On June 15, 1967, the day after the foregoing order was signed and entered, the plaintiffs filed a motion to extend the time for filing a controverting plea. This motion made no mention of the order of the *368 previous day, and no request was made to set the same aside.

Four days later, on June 19, 1967, the trial court entered a second order which was duly excepted to by the defendants. It recited, “On this the 19th day of June, A. D. 1967, came on to be heard the Motion of Plaintiff to be granted an extension of time to file a controverting affidavit of ten (10) days from June 14th, 1967, upon the showing of good cause. It is therefore, ORDERED that such Motion he GRANTED.” After this order was signed by the trial court, but on the same day, plaintiffs’ controverting plea was filed. The trial court’s order of time extension of June 19, 1967, made no attempt to set aside its first order of June 14, 1967. The court’s first order sustaining defendants’ plea of privilege is nowhere mentioned in plaintiffs’ motion for extension of time or in the court’s second order granting such time extension.

Over a year later, on September 5, 1968, the trial court entered a third order which overruled defendants’ plea of privilege.

Appellants’ first contention is that the trial court was without jurisdiction to enter its September 5, 1968 (third) order as the court’s first order of June 14, 1967, sustaining defendants’ pleas of privilege had become final on July 14, 1967, or thirty days after it was signed and entered. Appellees’ position on the other hand, is that the court’s subsequent order granting an extension of time to file a controverting affidavit vacated and set aside the court’s first order sustaining defendants’ plea of privilege.

If the trial court’s first order of July 14, 1967 was vacated or set aside by the granting of the extension of time to file a controverting affidavit, such action occurred by implication alone, as there is no subsequent reference to it in any order of the court, in any motion of the plaintiff, or anywhere in the record. The question is then brought in focus: When a trial court enters an order granting a plea of privilege and subsequently grants an order which does nothing more than extend the time for filing a controverting plea, does such subsequent action by implication set aside and vacate the previous order?

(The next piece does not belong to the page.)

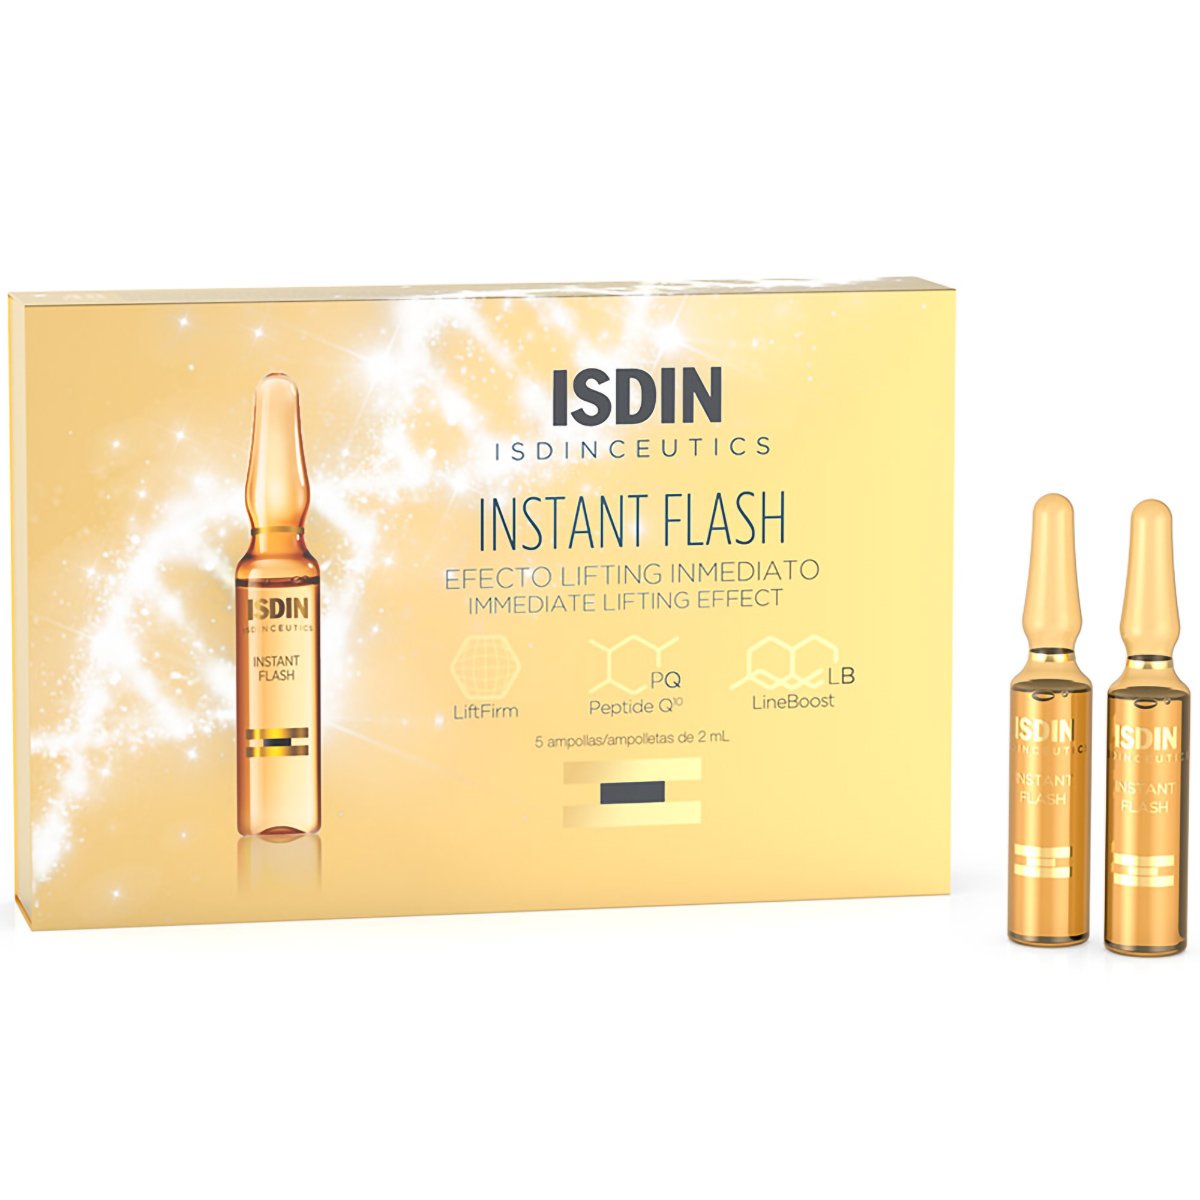 ISDIN Instant Flash 2ml x 1 Ampolla

It is clear that a trial court may, within thirty days after the entry of an order or judgment, vacate, set aside, amend or modify such order of judgment. Murphy v. Brown, 131 Tex. 121, 113 S.W.2d 1212 (1938). Unless such order is vacated, set aside, modified or amended within thirty days after its rendition, it becomes final and the trial court loses jurisdiction to set the same aside. Rule 329b, Texas Rules of Civil Procedure; Williams v. Pitts, 151 Tex. 408, 251 S.W.2d 148 (1952); Wichita Falls & S. R. Co. v. McDonald, 141 Tex. 555, 174 S.W.2d 951 (1943). During the time in which a court may vacate, set aside, modify or amend its previous order, such action must, to be effective, be by written order that is express and specific.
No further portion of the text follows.